In [52]:
import pandas as pd
import numpy as np

## Data Preparation

In [53]:
df = pd.read_csv('../data/spotify_dataset.csv', on_bad_lines='skip')

In [54]:
# Fixed Column Headers (removed quotes, whitespace, and simplified the column names)
df.columns = df.columns.str.replace("\"", "").str.strip().str.replace("name","")

In [55]:
df = df.dropna() # Removes rows with NULL values

In [56]:
# Column that combines song and artist
df['track_artist'] = df['track'] + ', ' + df['artist']

In [57]:
n_tracks = df.track_artist.nunique()
n_users = df.user_id.nunique()
n_interactions = len(df)

## Data Validation

In [58]:
# Split into training and validation datasets randomly
# Random sampling of users changes the baseline (.002...)
from sklearn.model_selection import train_test_split

df_train, df_val = train_test_split(df, test_size=0.2)

In [59]:
# Frequency of most common songs
n_rec = 10
freq = df_train.track_artist.value_counts().iloc[:n_rec].index.values

In [60]:
# Grouping Songs by Playlist
val_group = df_val.groupby('user_id').track_artist.apply(set)

In [61]:
n_val = len(val_group)
recommendations = np.repeat([freq], n_val, axis=0)

In [62]:
# Finds out how often the top 10 tracks appear in validation dataset playlists
def avg_prec(recommendations, val_group):
    average_precision = 0

    for i, playlist in enumerate(val_group):
        count = 0
        for track_artist in recommendations[i]:
            if track_artist in playlist:
                count = count + 1
        precision = count / n_rec
        average_precision = average_precision + precision

    average_precision = average_precision / n_val
    return average_precision

In [63]:
avg_prec(recommendations, val_group)

0.02673762087092024

From the data validation performed, we know the baseline is approximately between .026 and .028.

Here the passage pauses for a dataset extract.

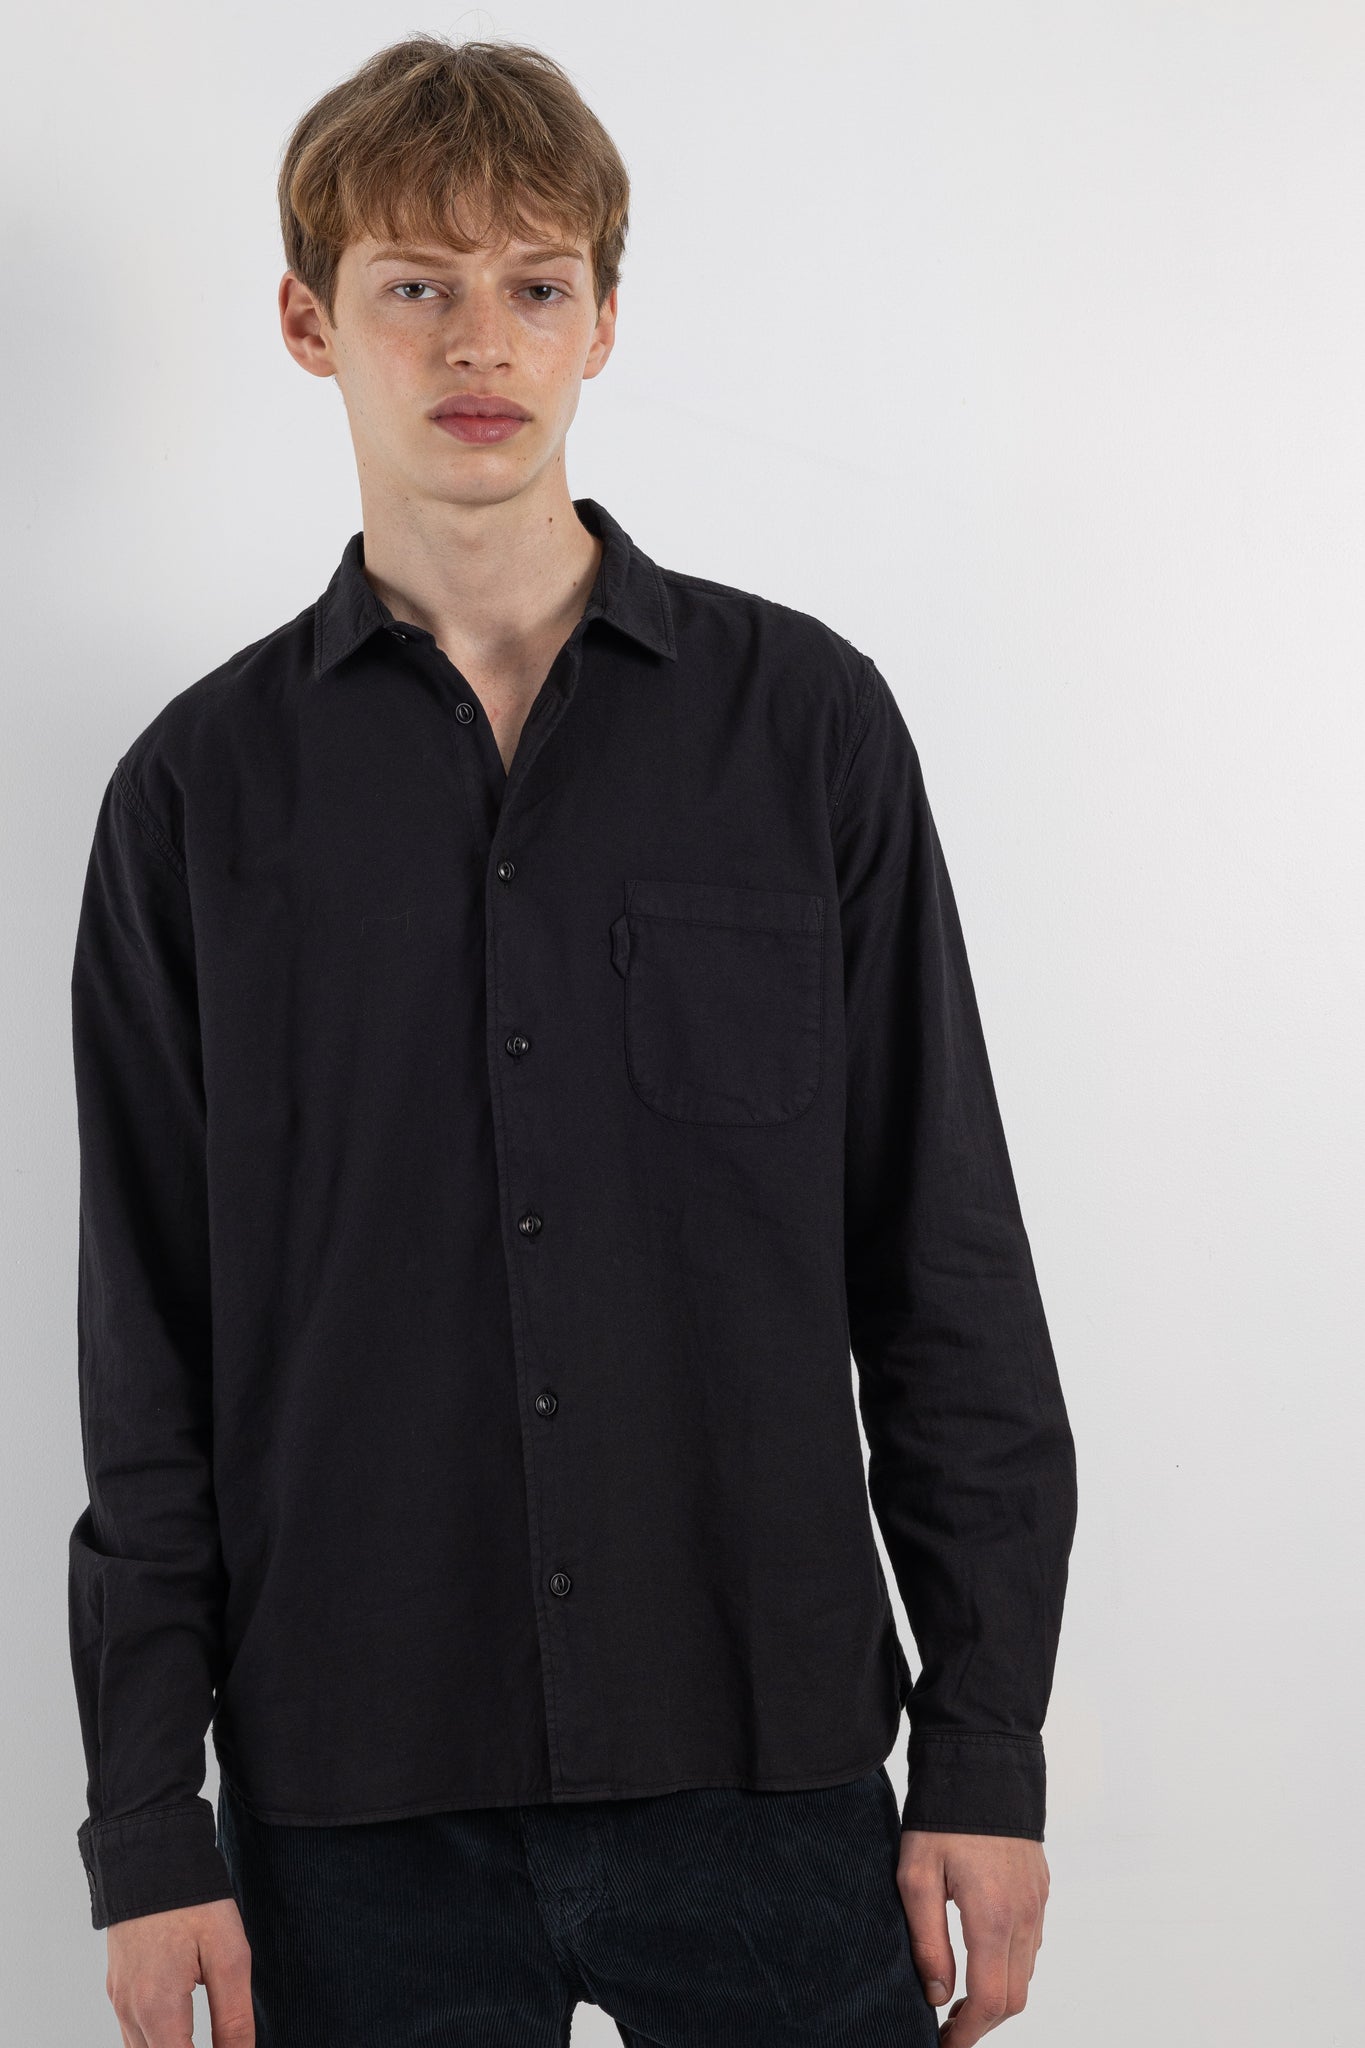 Mens shirt | YMC Curtis shirt | The Standard Store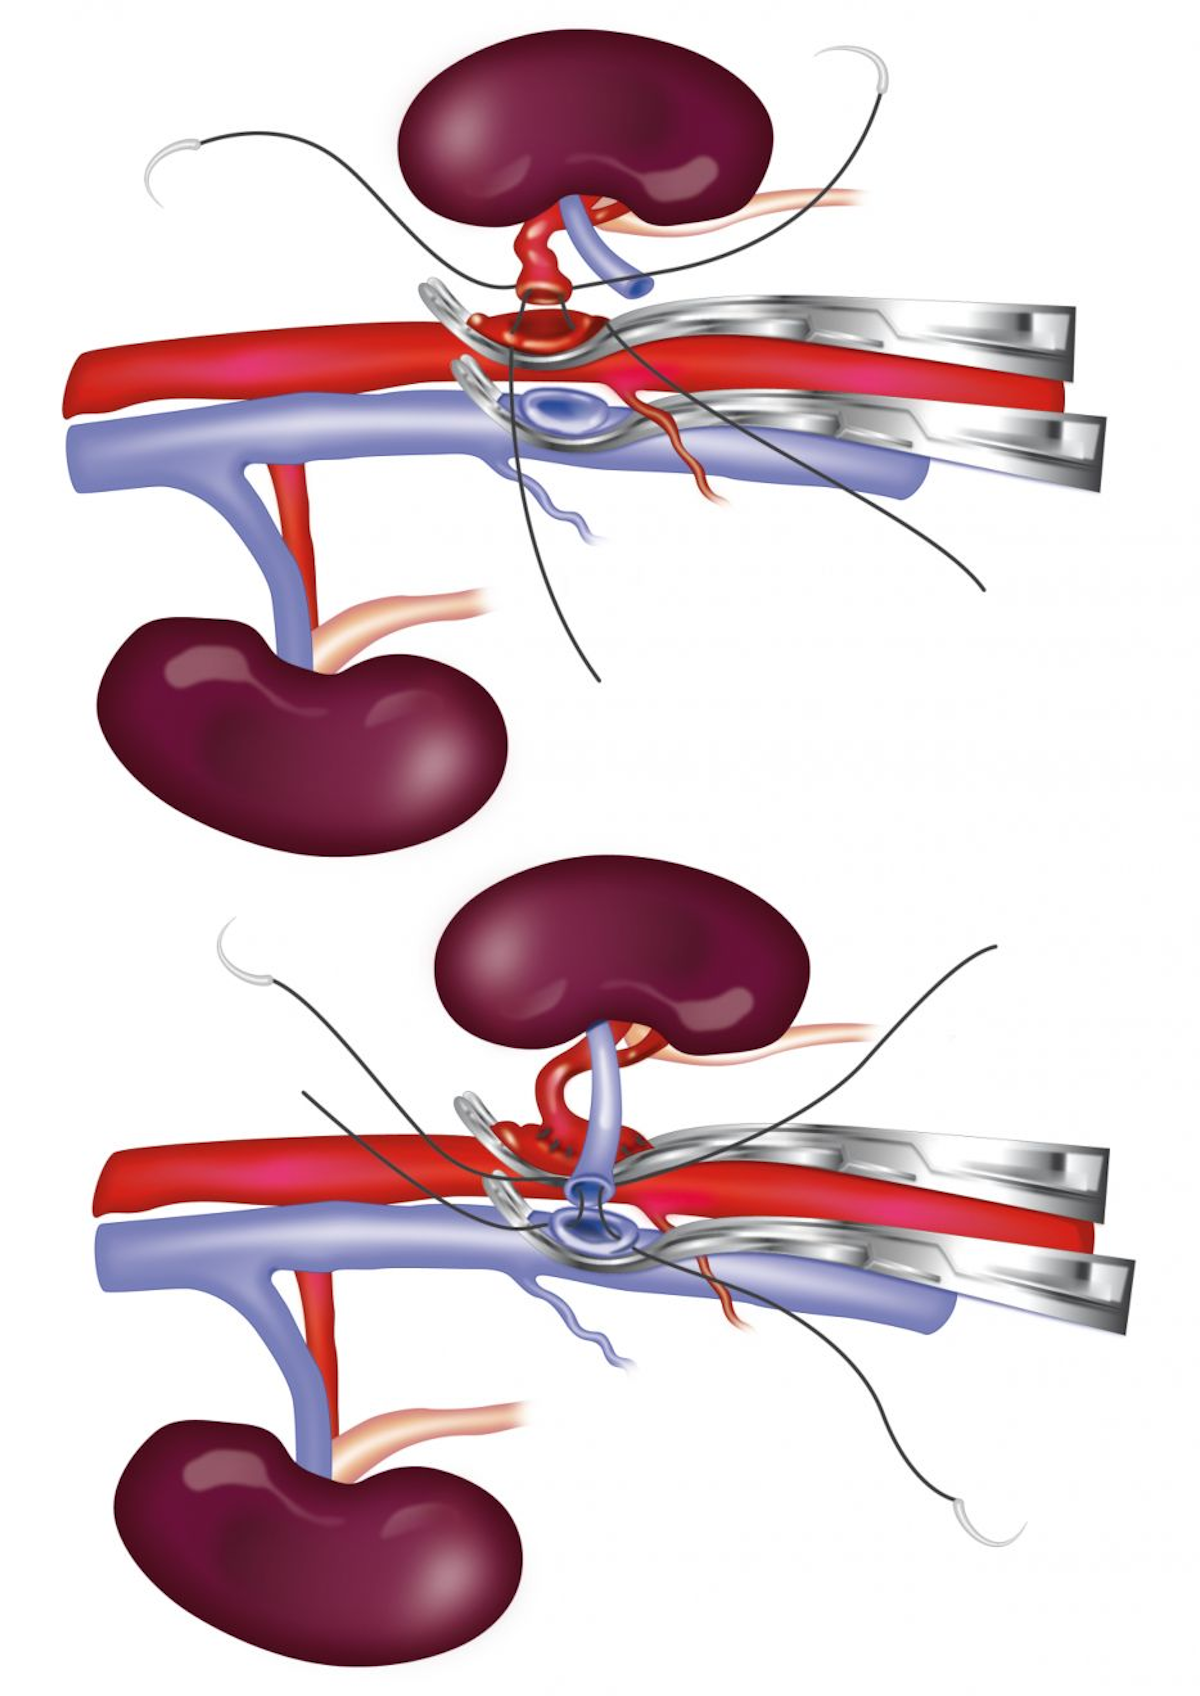 Schematische Darstellung einer End-zu-Seit-Anastomose des renalen Allotransplantates an die abdominale Aorta und die Vena cava des Empfängers. Die Nierenarterie (Bild oben) wird mittels End-zu-Seit-Anastomose mit 8-0 Nylon mit der Aorta verbunden, und die Nierenvene (Bild unten) wird mittels End-zu-Seit-Anastomose mit 7-0 Seide mit der V. cava verbunden.

## Content-Based Recommendations

In [64]:
# Find out overlapping users in both datasets
# We only need to make recs for them (this number varies due to random sampling)
target_users = set(df_val.user_id) & set(df_train.user_id)
len(target_users)

15341

The number of users that we should make recs for is a bit over 15000, as they exist in both the traning and validation datasets.

In [65]:
df_train_subset = df_train[df_train.user_id.isin(target_users)]

Now we create vectorizors for turning users

In [66]:
# Sklearn Imports
from sklearn.pipeline import make_pipeline
from sklearn.compose import ColumnTransformer

from sklearn.base import TransformerMixin, BaseEstimator

from sklearn.feature_extraction import DictVectorizer
from sklearn.feature_extraction.text import TfidfVectorizer
from sklearn.feature_extraction.text import CountVectorizer

from sklearn.preprocessing import normalize

In [None]:
class ToDictTranformer(TransformerMixin, BaseEstimator):
    def __init__(self):
        self.columns = None
    
    def fit(self, df, y=None):
        self.columns = df.columns
        return self

    def transform(self, df):
        return df.to_dict(orient='records')

    def get_feature_names_out(self, *args, **kwargs):
        return self.columns